What you need to do = Output, word for word, the line that contains "Aura Pendant Light 80 by Alabastro Italiano" and all lines after it in the records below, omitting pictures.

BEGIN

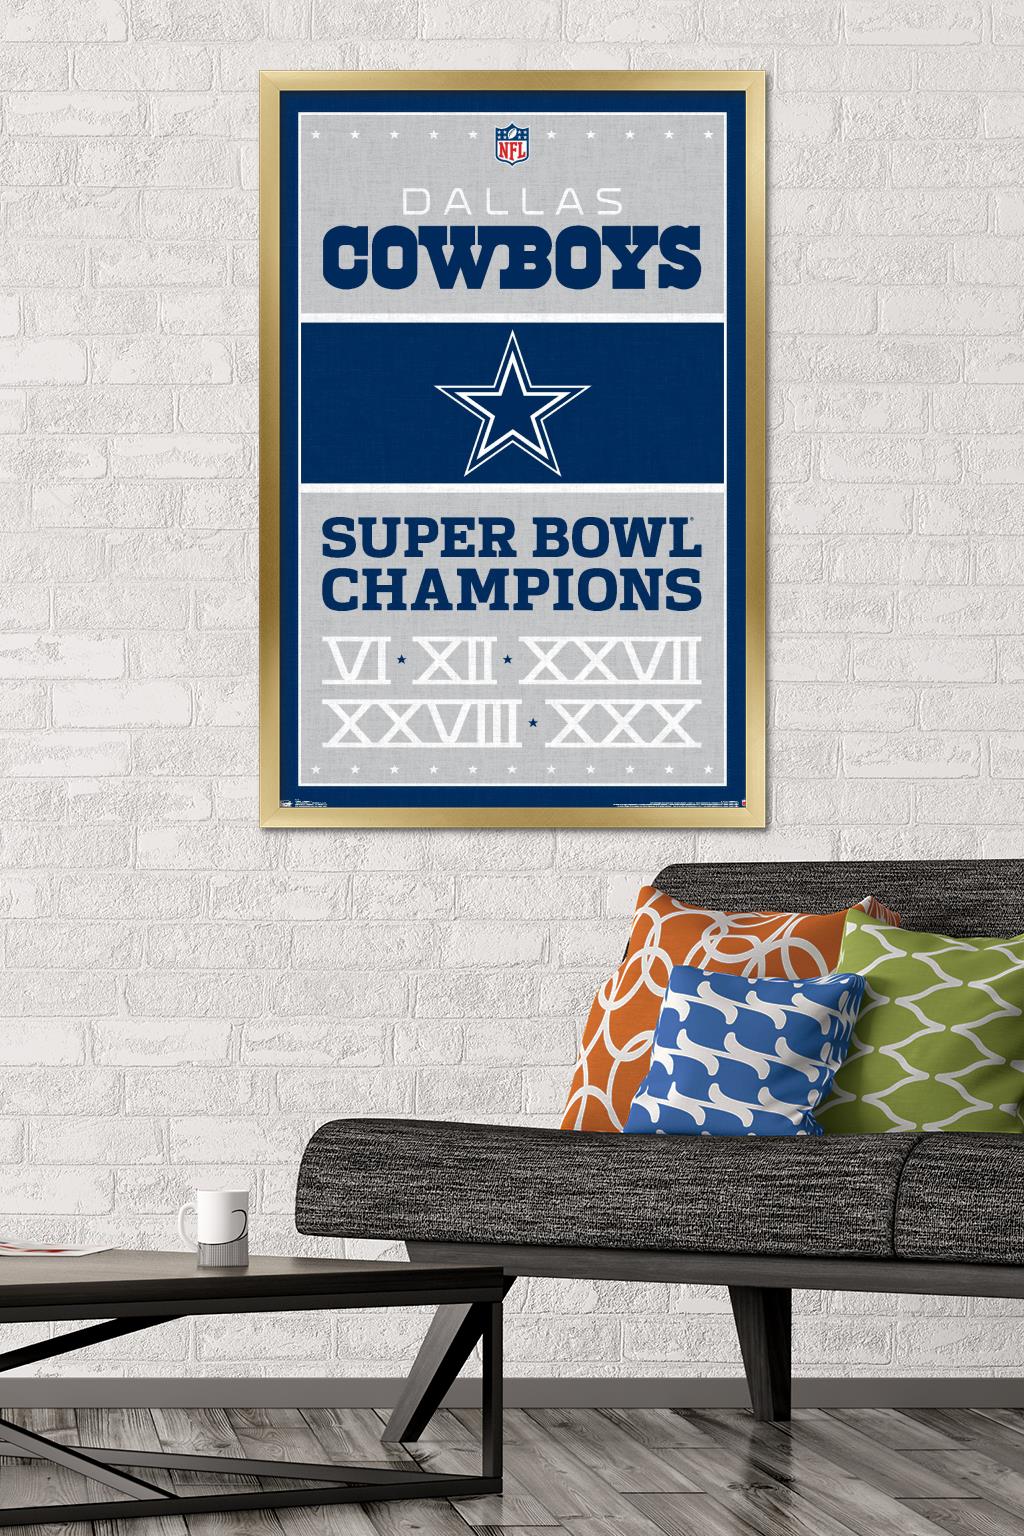 NFL Dallas Cowboys - Champions 13 Wall Poster, 22.375" x 34", Framed - image 2 of 6
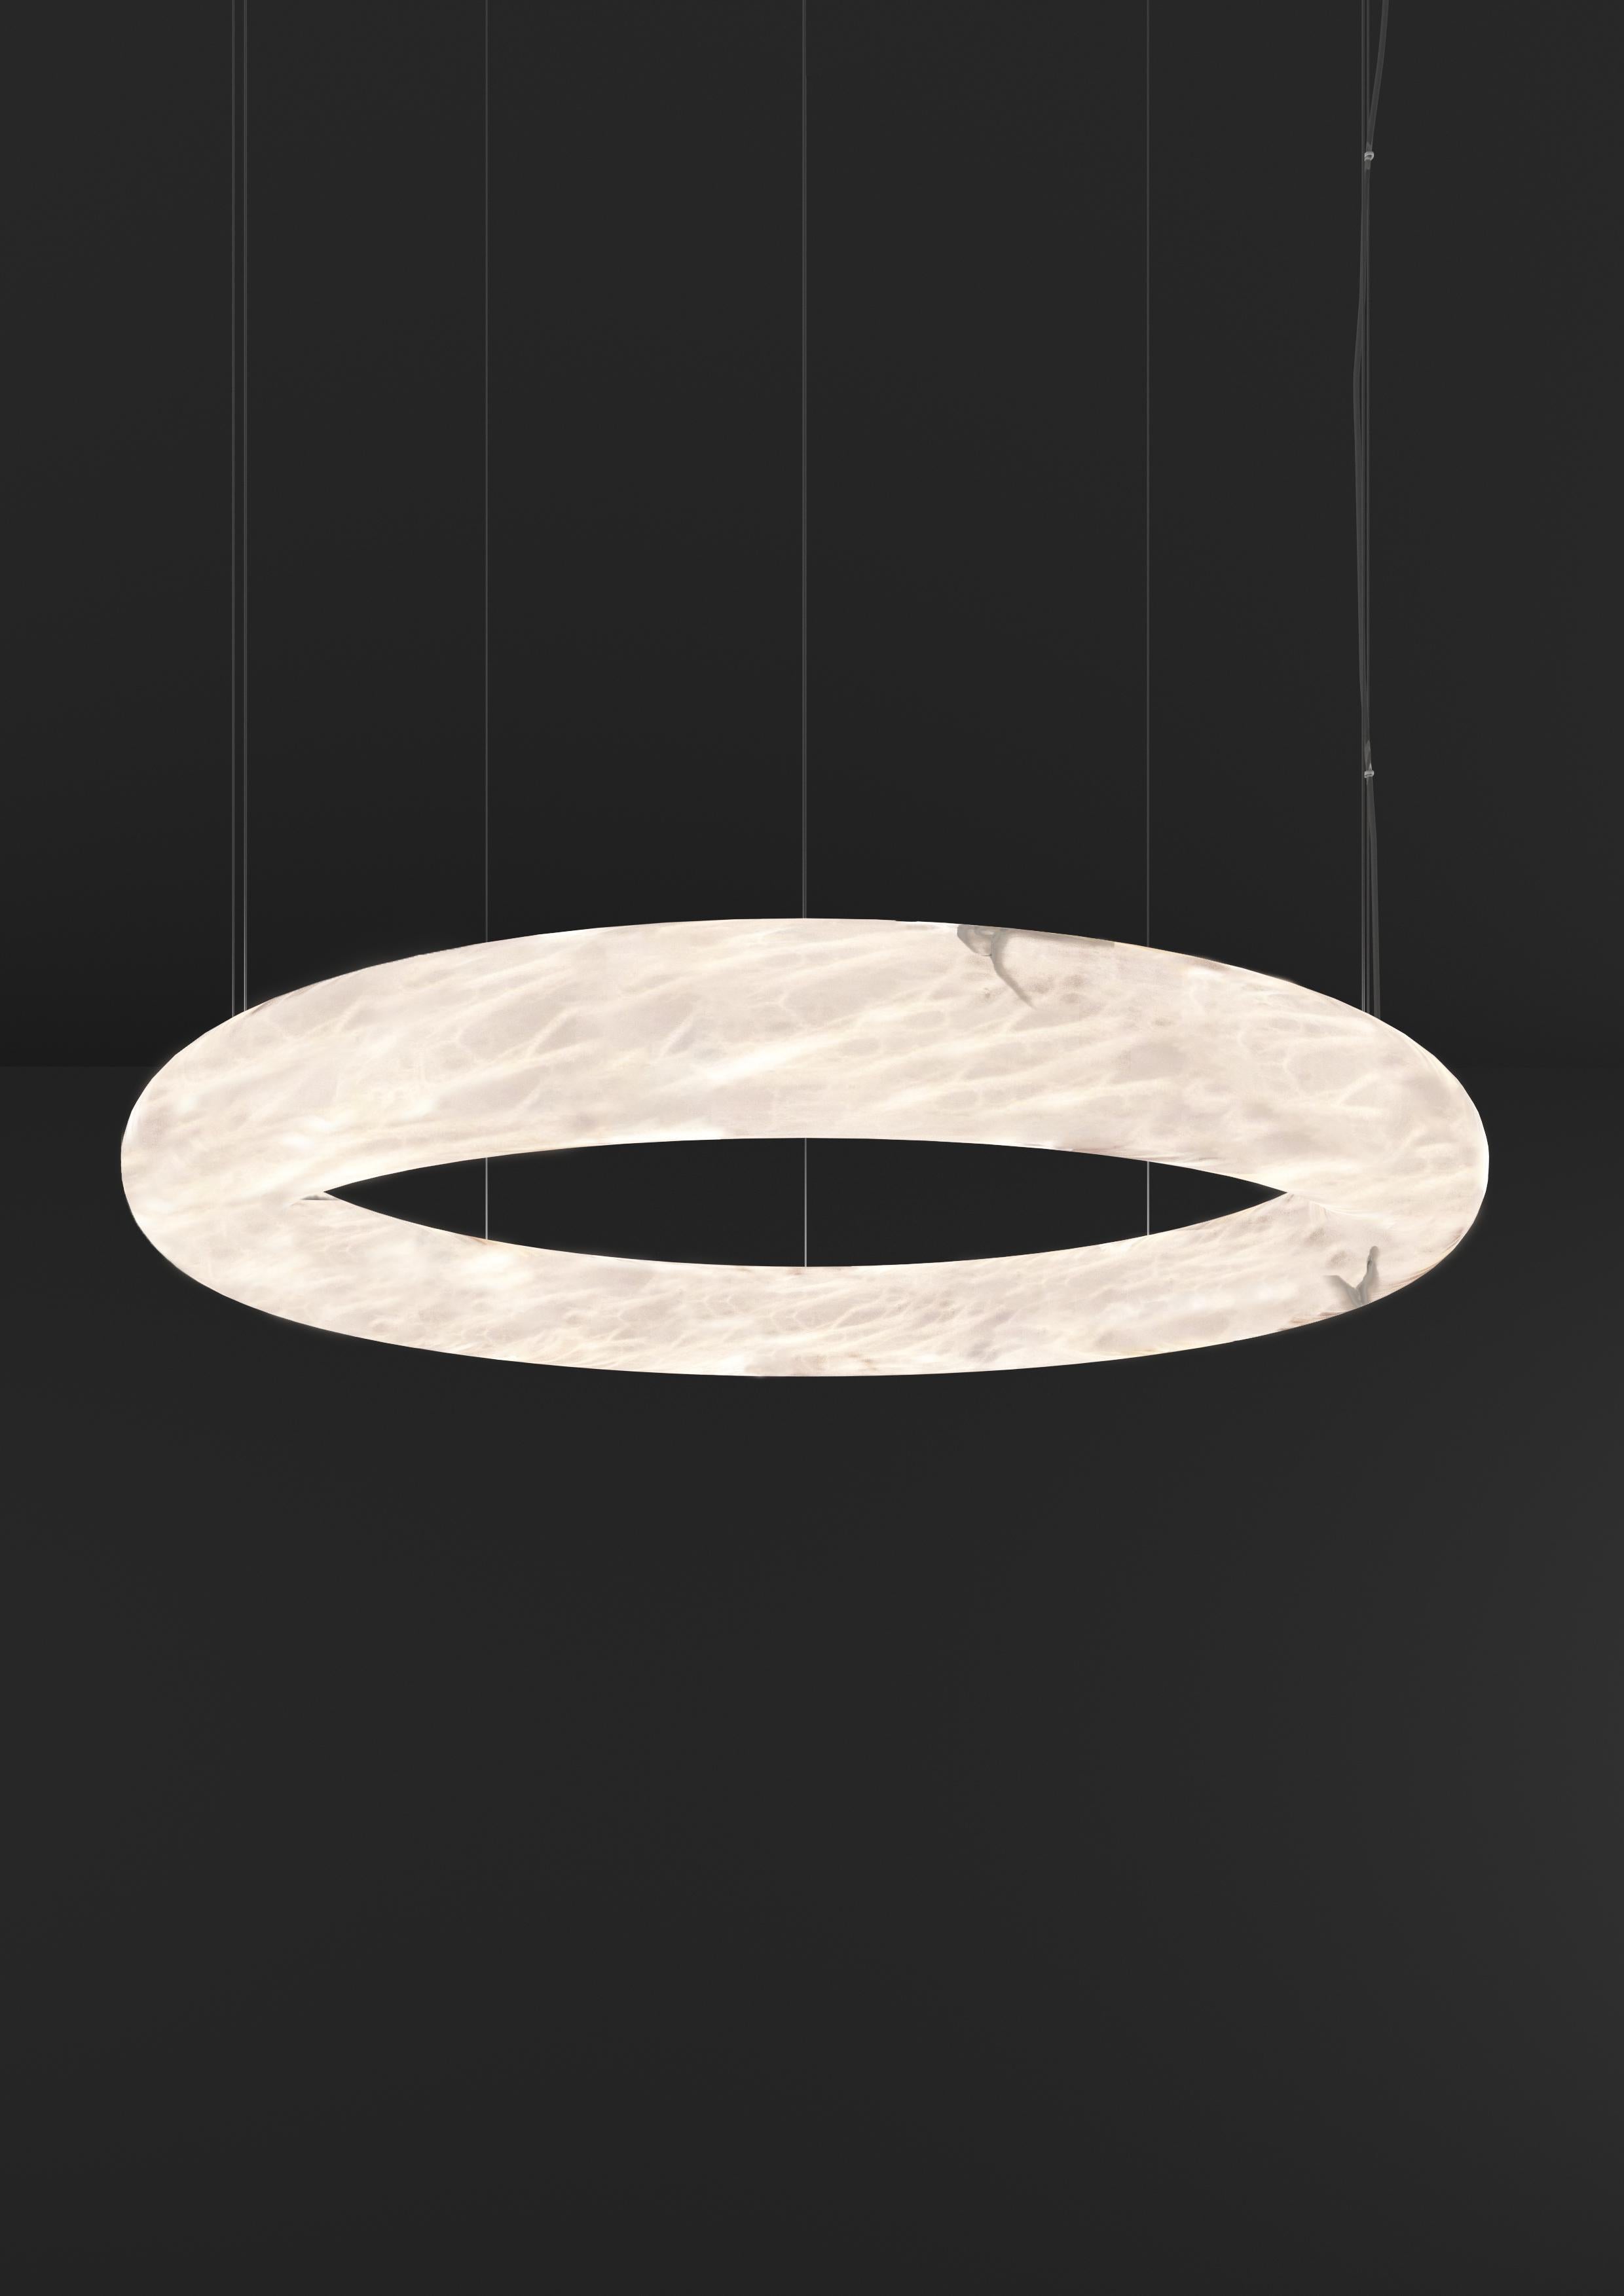 Aura Pendant Light 80 by Alabastro Italiano
Dimensions: Ø 80 x H 8 cm.
Materials: Glass, cable, brushed black metal.
Other finishes available. Please contact us.

2 x Strip LED, 101 Watt 10195 Lumen, 24 V, 3000 K.

All our lamps can be wired

END

Task solution =
 Aura Pendant Light 80 by Alabastro Italiano
Dimensions: Ø 80 x H 8 cm.
Materials: Glass, cable, brushed black metal.
Other finishes available. Please contact us.

2 x Strip LED, 101 Watt 10195 Lumen, 24 V, 3000 K.

All our lamps can be wired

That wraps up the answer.